On top of a pile of books of romantic poetry he found an address book of useful contacts: chocolatiers who deliver by owl post, romantic magical getaway trips that looked promising, florists, and a jeweler's catalog. There was even a listing for kneazle breeders of all things.

A quick survey of the other offerings included a trundle bed, a trunk with a ditty bag and a neatly folded change of clothes. Definitely no Hermione here.

As he turned to head back out to the Hallway, he noticed a small table positioned right by the door. It was draped in black and held a single slim volume: "Old Bachelor Homes for Dunderheaded Wizards: An Exhaustive Review." He took care to steer clear of that one.

Severus spoke to the room, pocketing the address book as he did so. "Thank you for your assistance. Now I just need to find her." The wall next to the door bled blurry color, like lines of tea on a paper napkin, which focused and sharpened into a line map of the castle. There upon it blossomed a little heart shaped icon made out of Hermione's name, and it floated back and forth inside of his own office. She was there, waiting for him. "Right. Here I go… wish me luck."

Letting himself out, he broke into a run, anxious to make it down to her before she gave up on him. Portraits lining the staircases murmured comments as he passed, shouting in surprise and concern. Severus waved them down without explanation in his haste.

Down in the Great Hall, Conrad sat with his tea, watching the ceiling for signs of the squall that was sure to come in spite of his equations predicting a perfectly clear morning.


Professor Granger paced back and forth over the worn flagstone of Professor Snape's cluttered office. Apparently you could take the Snape out of the dungeon, but you could not take the dungeon out of the Snape. She was angry, of course. Who wouldn't be? But the fact of the matter was that she was mostly angry with herself. In her intellectual arrogance Hermione thought she had caught up with her wizarding brethren in all walks of magic, that she had cast off her muggleborn handicaps by hard study and observation. All it took was a romantic, albeit provocative, gesture by a real wizard misinterpreted as mere jewelry and two hours of research to open her eyes to a vast untapped body of knowledge that she'd not even dreamt about. She had only begun to plumb the breadth and depth of her own ignorance.
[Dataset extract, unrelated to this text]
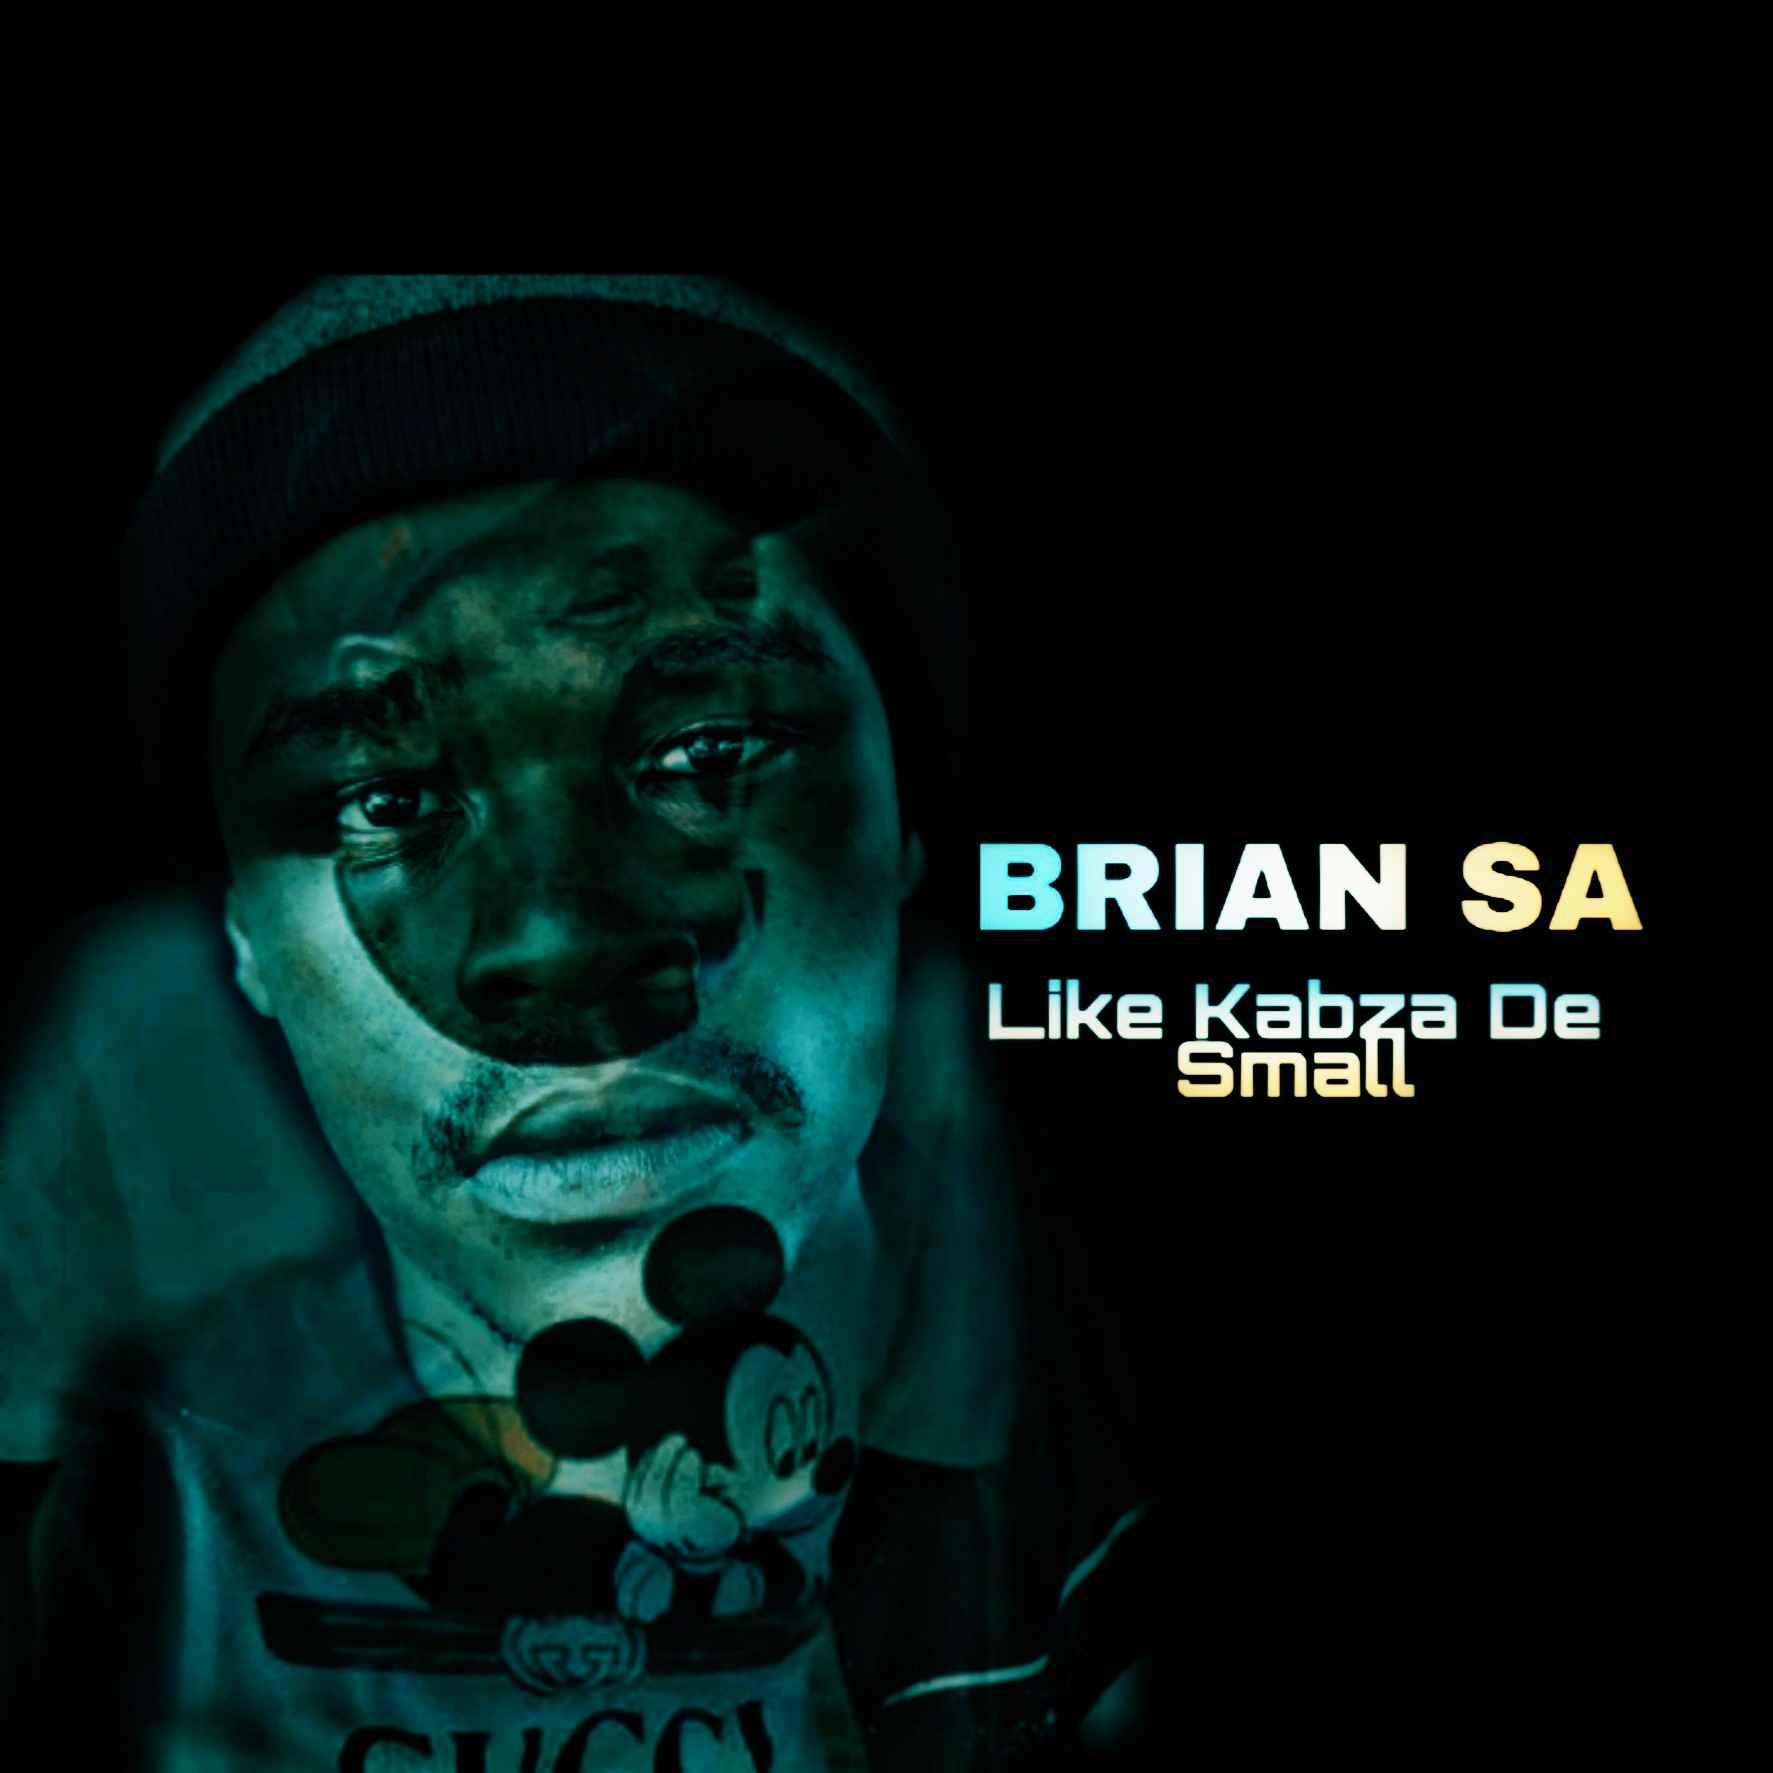 Brian SA – Like Kabza De Small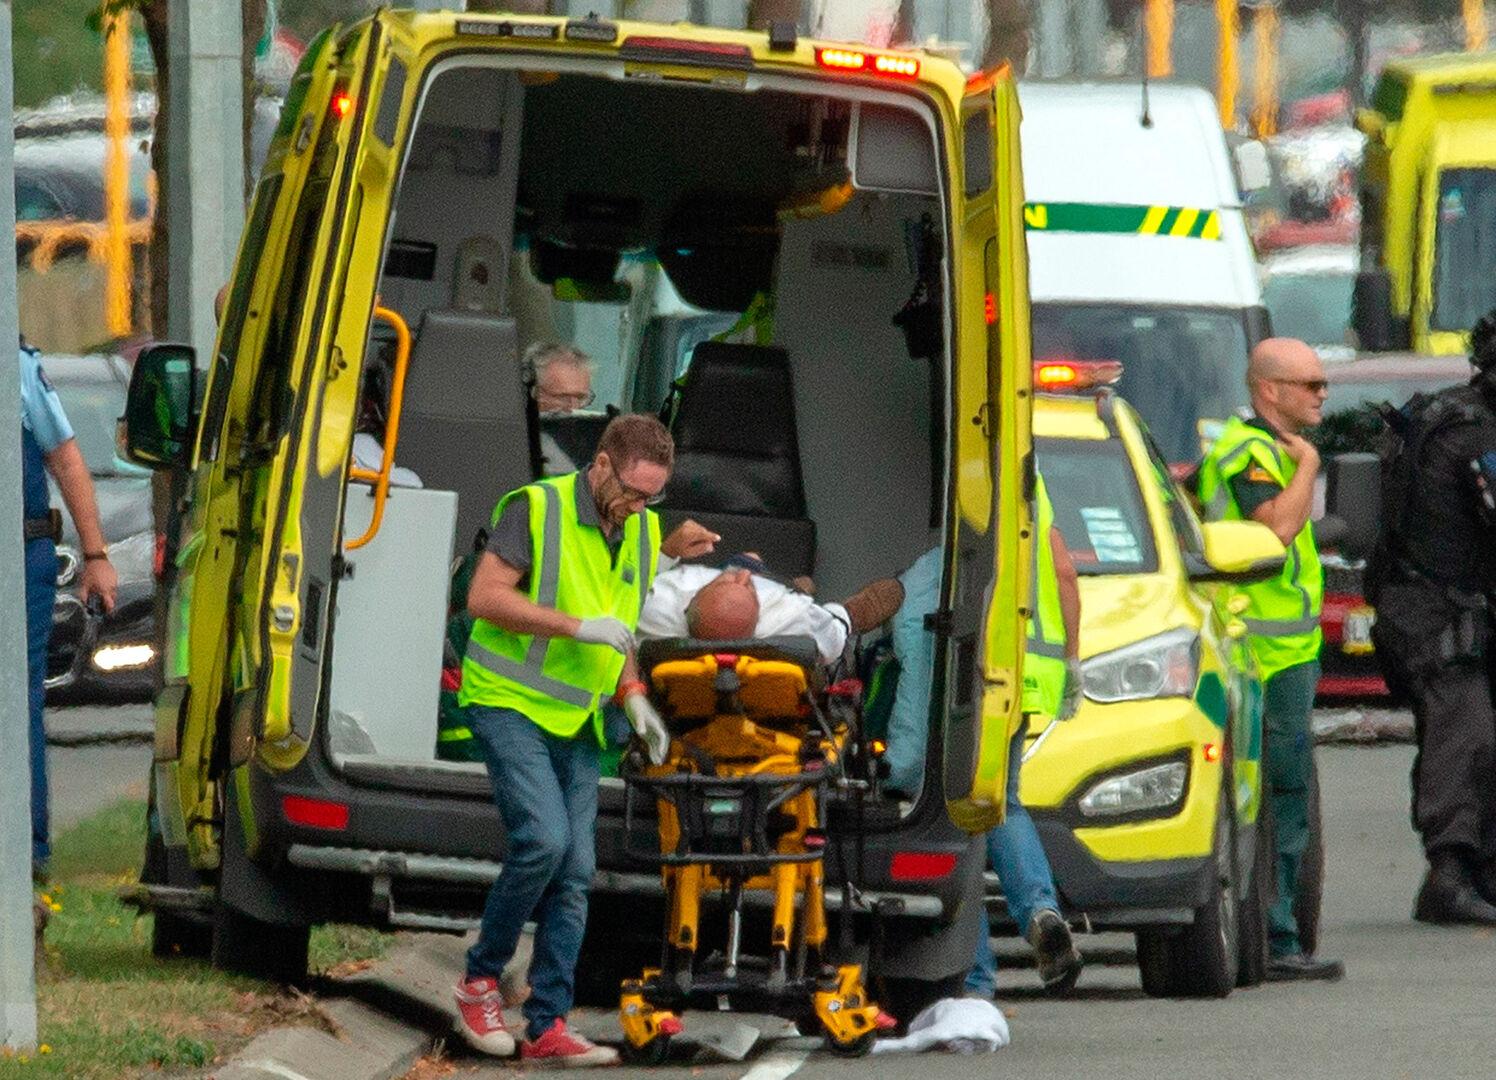 Atentado En Nueva Zelanda Hd: 49 Muertos En Nueva Zelanda En Un Atentado A Tiros Contra

The humiliating part was not that Connie knew, or that she had worn the damned thing in front of her own parents. It was that her own failure of imagination was thrown back into her face, and it was announced to the castle at large by none other than Peeves. She had all night to think on what to do about Severus' part and had come to a conclusion. Now all she had to do was wait.

Warm even through the back pocket of her jeans, the weight of the metal ring pulled at her attention. It thrilled her, fascinated her, pulled her beyond her own boundaries. Severus had been listening when she spoke about the qualities a good gift possesses. Even if she was furious with him, she still wanted to know him better.

She came to a stop by the wall of preserved specimens, closing her eyes and exerting control over her breathing. It had been difficult to sleep last night, and she was still cycling through a tumult of emotions, processing. After a moment, she opened her eyes to find herself eye to eye with what must have been a murtlap once, a rather large one. The wave of nausea hadn't passed completely when she heard the door creak open behind her. Showtime.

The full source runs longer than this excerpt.